Vous portez bien l’Andúril, l’épée d’Aragorn que vous aviez utilisée dans „Le Seigneur des Anneau“?

Oui. Il me fallait une épée médiévale pour incarner le chevalier. On m’avait présenté plusieurs modèles. Aucun ne me plaisait vraiment. J’ai demandé à Warner Bros et Peter Jackson l’autorisation de pouvoir utiliser mon épée Andúril. Ils ont accepté à condition qu’elle n’occupe pas tout l’écran. Je m’en suis donc servie pendant quelques minutes et, à distance de la caméra.

The Dead Don’t Hurt

L’Ouest américain des années 1860: Vivienne Le Coudy (Vicky Krieps) rencontre Holger Olsen (Viggo Mortensen), un immigrant danois. Ensemble, ils s’installent dans le Nevada, mais la guerre de Sécession bouleverse leur existence. Vivienne se retrouve confrontée à la solitude et aux menaces du maire corrompu et d’un riche propriétaire terrien.
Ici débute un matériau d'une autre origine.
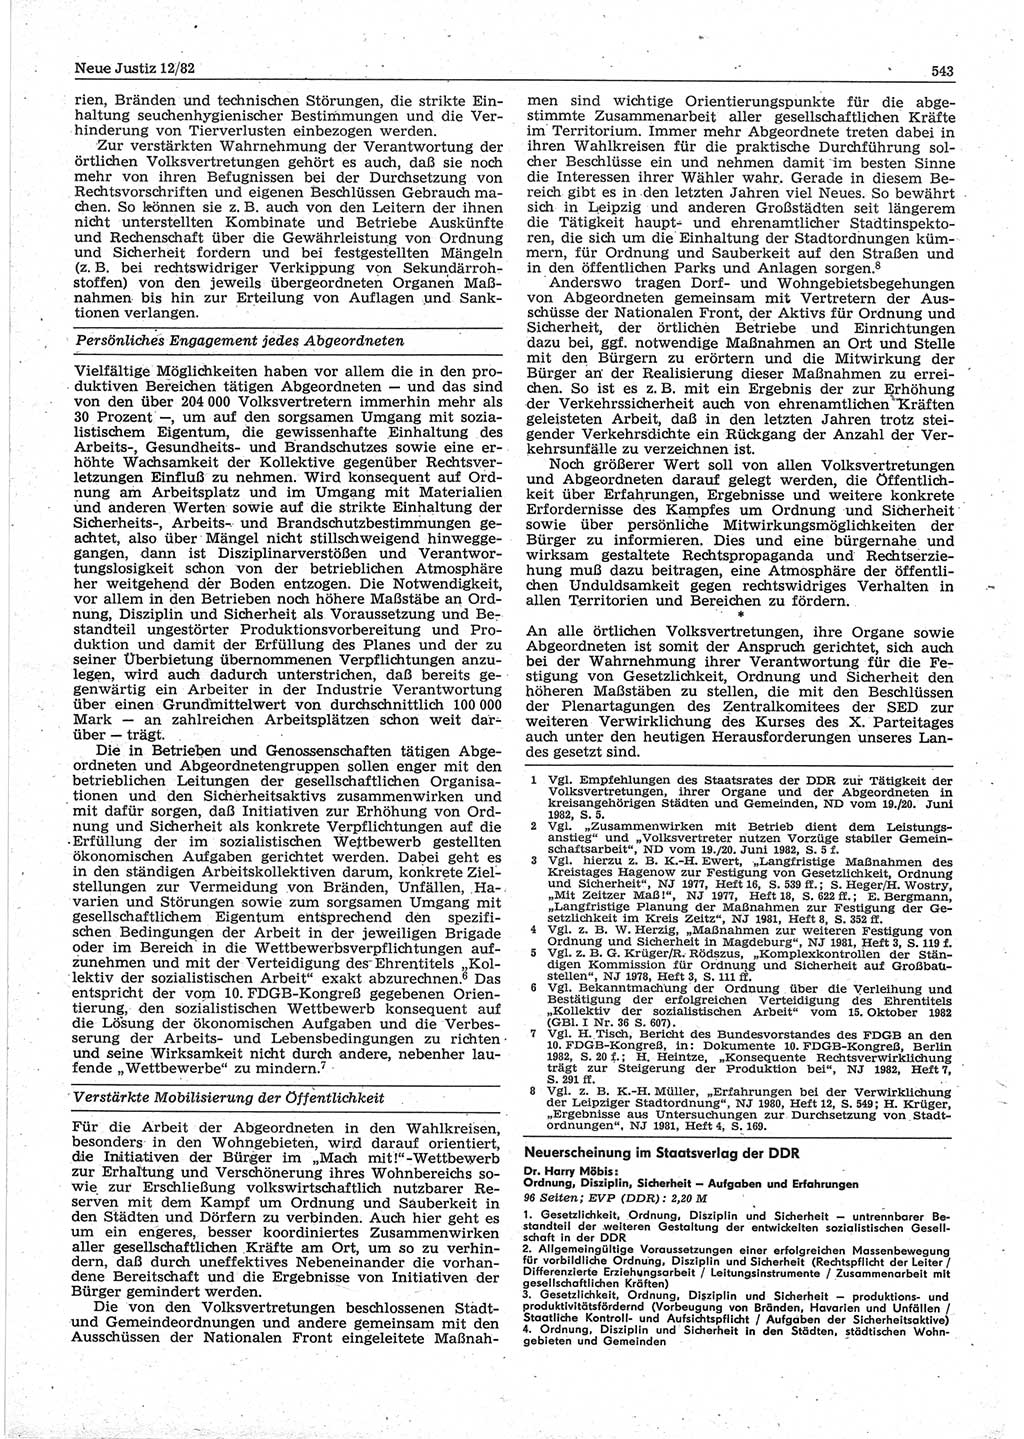 Neue Justiz (NJ), Zeitschrift für sozialistisches Recht und Gesetzlichkeit [Deutsche Demokratische Republik (DDR)], 36. Jahrgang 1982, Seite 543 (NJ DDR 1982, S. 543)
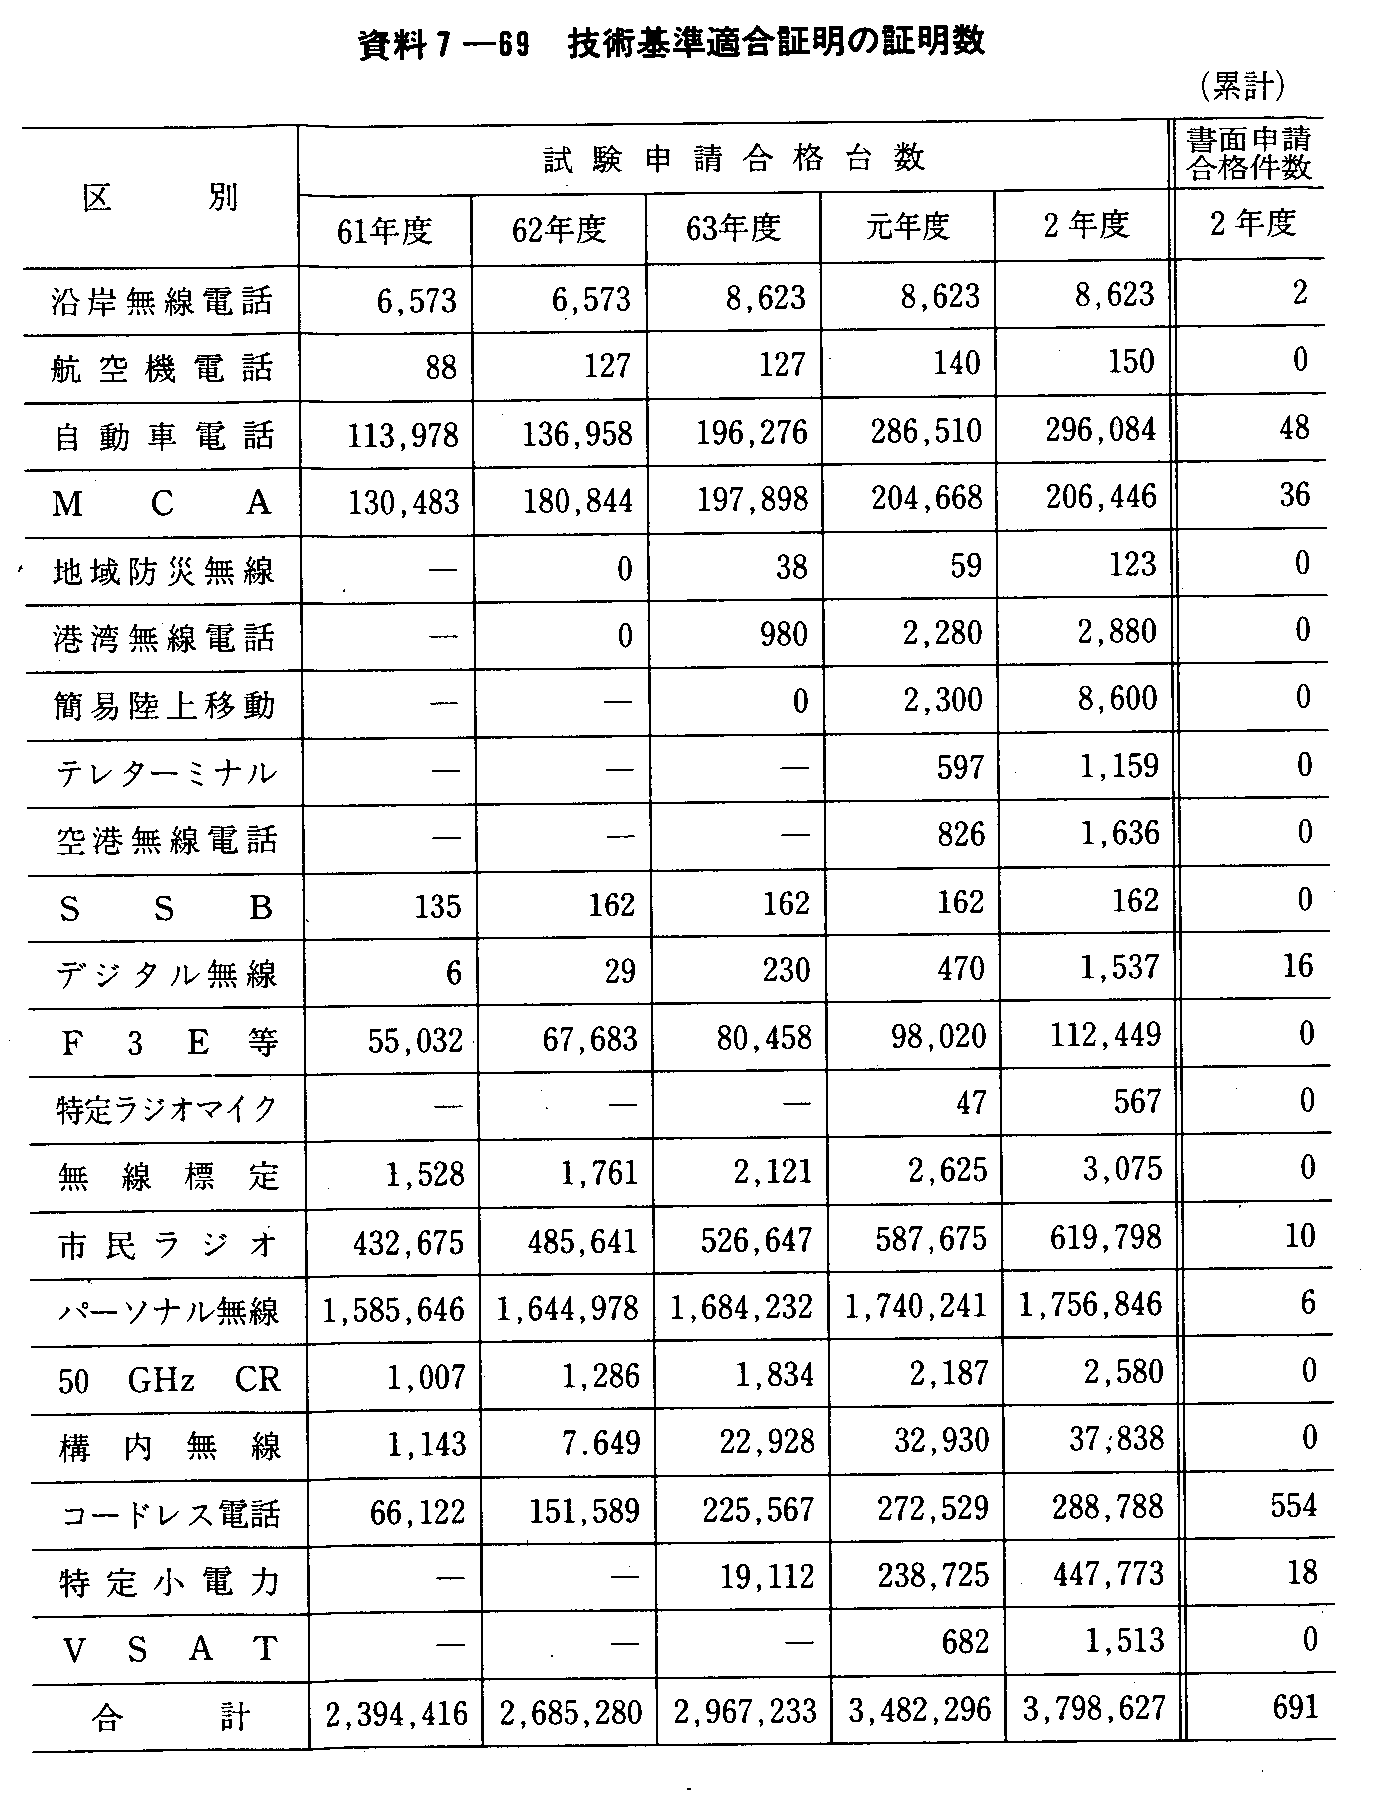 資料7-69 技術基準適合証明の証明数(累計)

Le retour d’Holger après la guerre les oblige à se redécouvrir et à s’accepter dans leurs réalités nouvelles.
L’histoire commence avec un chevalier en armure galopant à travers une forêt verdoyante. Puis une femme, allongée sur son lit de mort, apparaît. Une larme coule sur sa joue. Nous n’apprendrons ce qui s’est déroulé qu’au fur et à mesure que le film progresse, décrivant la relation amoureuse entre Holger et la Canadienne d’origine française, Vivienne, après leur rencontre à San Francisco. Derrière la caméra, Viggo Mortensen insuffle à ce western au rythme lent un style visuel élégant, sublimé par une musique aux tonalités chagrines qu’il a lui-même composée. Relevant du slow cinema, „The Dead Don’t Hurt“, deuxième long métrage de Viggo Mortensen, rend compte de l’univers mental d’un homme et d’une femme percutés par la guerre de Sécession. Sa présence d’acteur, imposante, remplit l’écran. Vicky Krieps livre une nouvelle performance étonnante. „Sa“ Vivienne est à la fois courageuse et vulnérable, féroce et aimante. L’actrice luxembourgeoise saisit toutes les nuances d’une destinée féminine.

„The Dead Don’t Hurt“ de Viggo Mortensen. Avec Viggo Mortensen, Vicky Krieps, Danny Huston, Garret Dillahunt. En salles à partir de mai.